Литмир - Электронная Библиотека

Судя по недоверчивости в Герином взгляде, беспечный вид не удался. Но «правая рука» был слишком поглощен собственным горем, чтобы понимать причины чужого. Гера беспокойно оглянулся на дверь и сказал извиняющимся тоном:

- Не хочу оставлять Лернэ одну надолго. Она может проснуться, а я обещал быть рядом.
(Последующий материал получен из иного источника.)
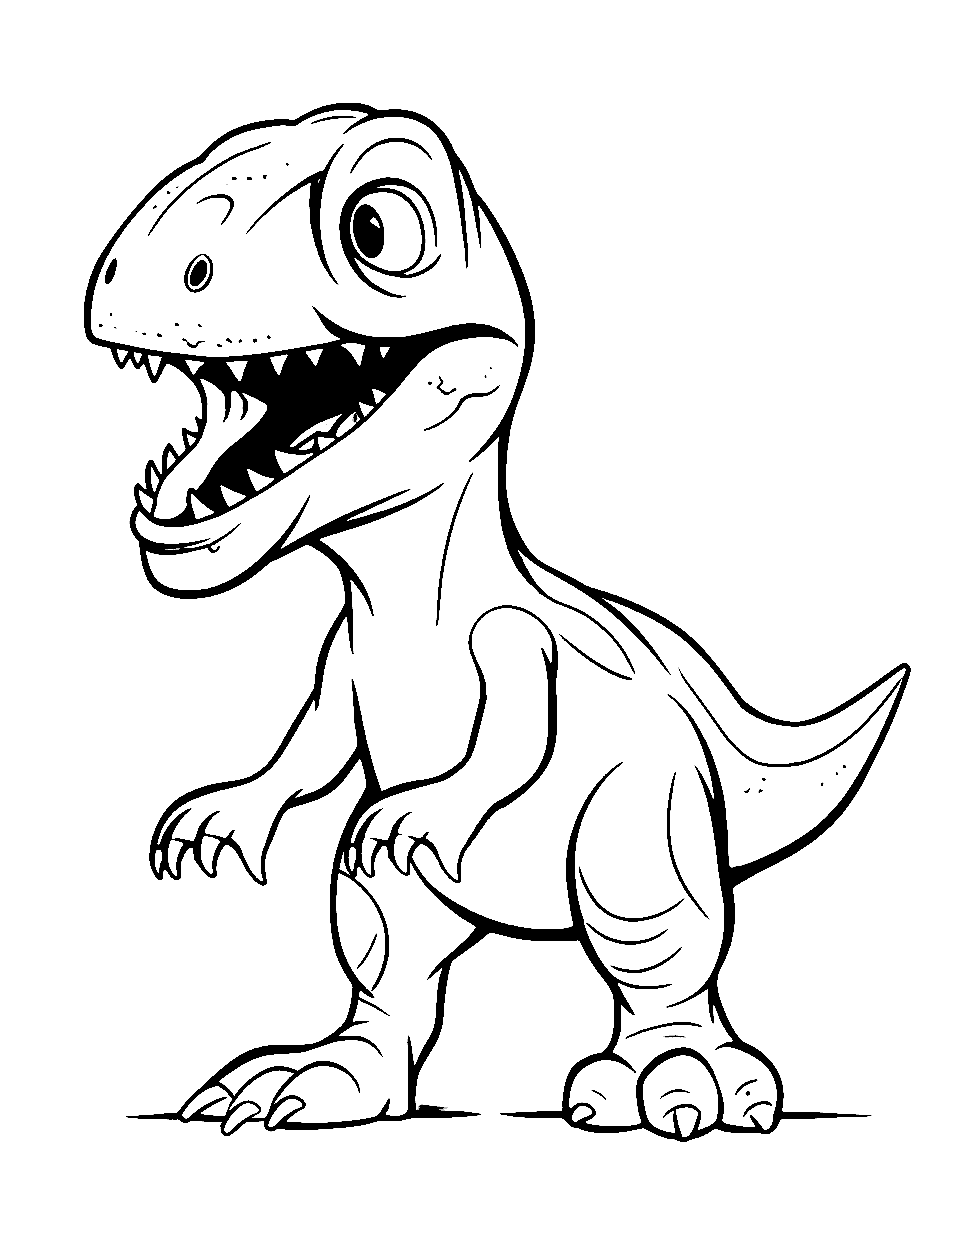 Cute T Rex T-rex Coloring Page - A chibi-style T-Rex with big eyes and a tiny tail.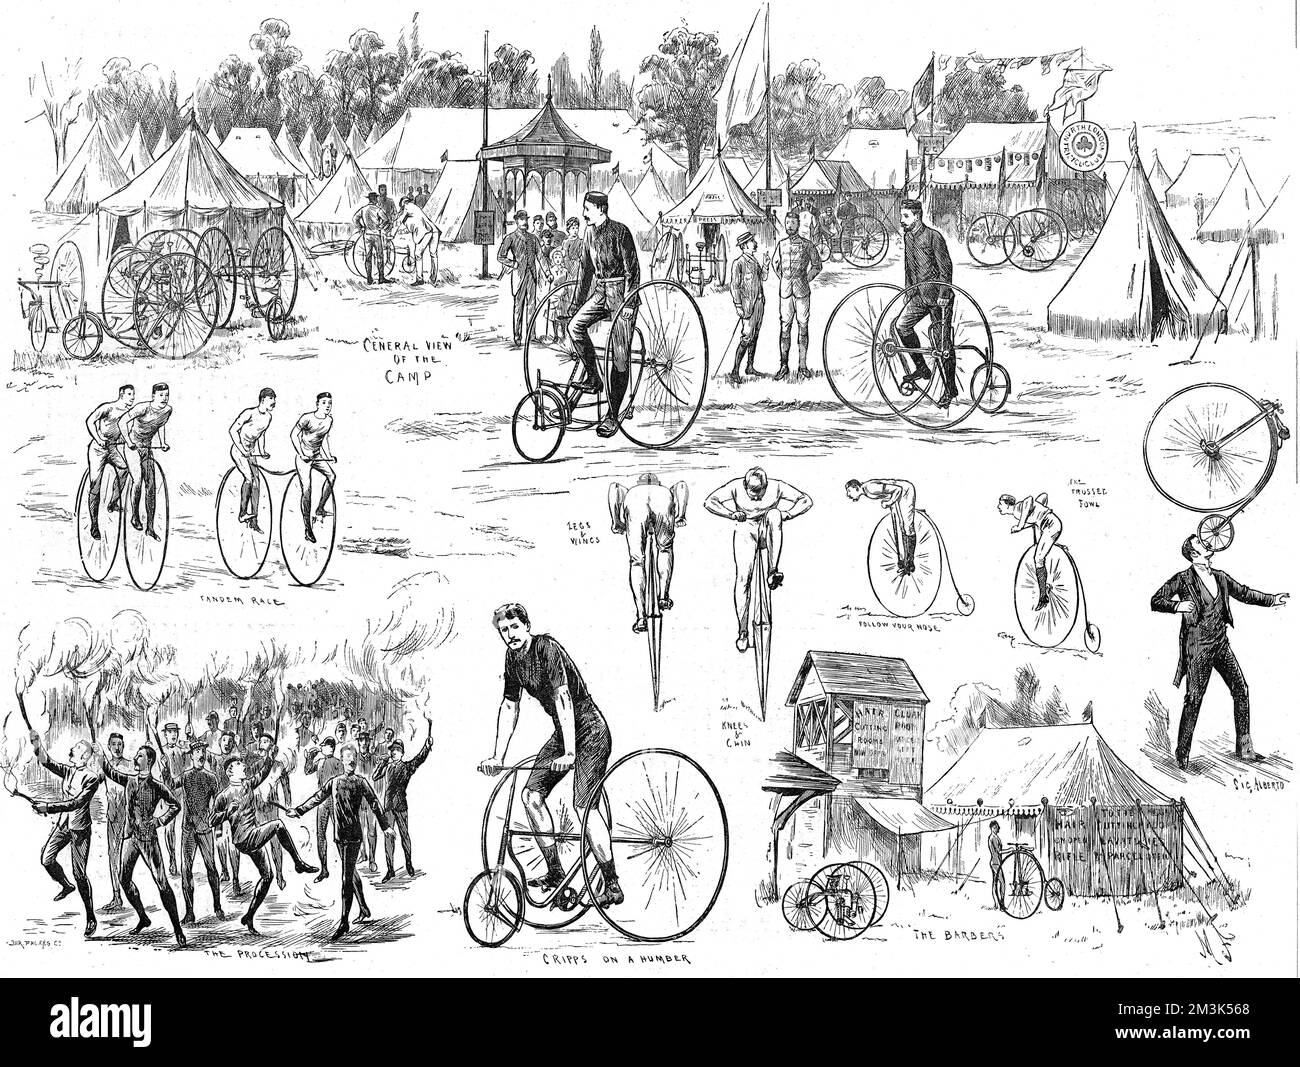 Engraving showing a series of scenes from the Cyclist's Camp, which was held in Alexandra Park, London, in the Summer of 1884.      The images show tricycles, 'penny farthing' bicycles and even 'penny farthing' tandem races.     Date: 14 June 1884 Stock Photo

В штабе знают, но если кто-то будет меня искать, передай, что я пока занят.

Зарин кивнул, выслушал в ответ пару простых, но искренних благодарностей, и проследил, как Гера снова исчезает за дверью.

«Ведь для них троих: Геры, Лернэ и Климы, этот сумасбродный колдун значит больше, чем для кого бы то ни было… И Клима, наверное, горюет по нему не меньше. Что стоило мне подумать так прежде Хавеса и быть рядом с ней в тяжелый час!..»

Еще некоторое время Зарин стоял, бездумно глядя на закрытую дверь, а потом отправился дальше.

Сперва он думал, что не знает, куда идет. Но потом разрозненные мысли постепенно собрались, потекли в едином направлении, а ноги, повинуясь им, принесли хозяина на третий этаж левого крыла – туда, где располагался лазарет.

Зарин понятия не имел, зачем сюда явился. Высказать умирающему, что больше не чувствует в нем соперника? Глупо. Просто поглядеть в последний раз на это круглое курносое лицо и понять, что смерть стирает и раздражение, и былые разногласия? Еще глупее. Посетовать, что у их Климы теперь другой? Совсем уж дурость.

В лазарете не было ни одного врача. И единственная занятая кровать у окна выглядела так сиротливо, что Зарина остро кольнуло жалостью. Все оставили беднягу, даже воды подать некому, случись что.

Тишина казалась мертвенной. Здесь даже сквозняки не свистели. И дыхания больного совсем не было слышно. Ненароком стараясь ступать потише, Зарин подошел к кровати.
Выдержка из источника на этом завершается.